Up to now, sample size and power are most often based on the assessment of a single reader whereas the analysis is done on two or more readers’ assessments. To optimize study designs with respect to a minimal number of patients required and minimal overall costs, the effect of increasing the number of readers should be considered. In addition underpowered studies expose subjects to unnecessary risks, as excessively overpowered studies [4]. In our study we focused on ordinal and binary endpoints in a parallel-group setting comparing image quality of two gadolinium-based contrast agents (GBCAs). Currently, contrast-enhanced magnetic resonance angiography (CE-MRA) using conventional extracellular GBCA is the most widely used technique in all day clinical routine for visualization and assessment of vascular disease.
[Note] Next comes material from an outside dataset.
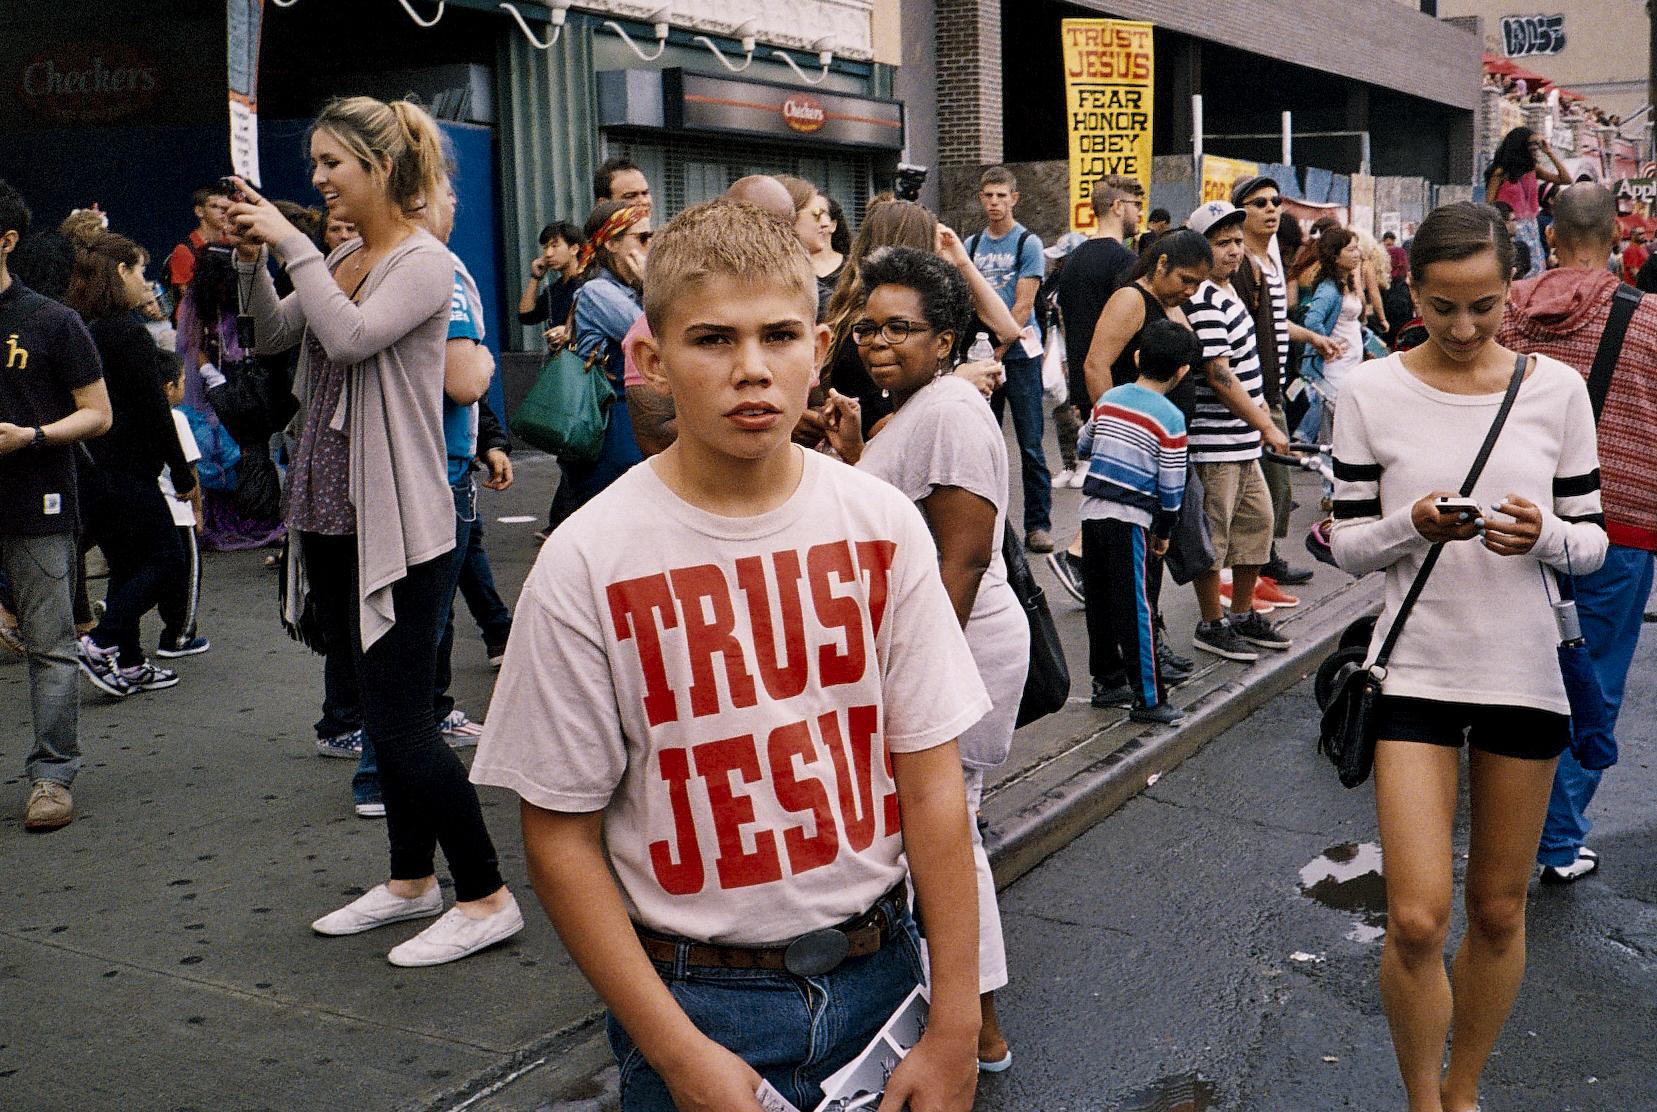 new-york-city-street-photography-chris-voss-6

The purpose of our study was therefore three-fold: First, to demonstrate the effect of different numbers of readers on the success of an image quality comparison of two macrocyclic GBCAs in peripheral MRA evaluating, whether more readers reduce the number of patients required or a fixed sample size increases the chance of success; Second, to compare the performance of two statistic methods (generalized estimation equations (GEEs) and the modified adjusted Chi²-test) for binary endpoints. Third, to compare image quality of two different macrocyclic GBCAs for peripheral MRA using a low dose regimen of 0.07 mmol/kg BW.

Material and methods

Patients

This monocentric, randomized, retrospective open-label study was approved by the institutional review board and written informed consent was obtained from all patients included in the study. Between October 2008 to November 2009 two sets of 20 age and gender-matched patients (mean age 72 years in gadobutrol group and 69 years in gadoterate meglumine group, 24 men/16 women) were sampled (Table 1) out of 172 routine patients suffering from PAOD at Fontaine stages II–IV and referred for MRA with either gadobutrol or gadoterate meglumine. The randomization of the administered contrast agent was based on the day of the treatment (randomization by treatment day). The data were stored prospectively and retrospectively analyzed.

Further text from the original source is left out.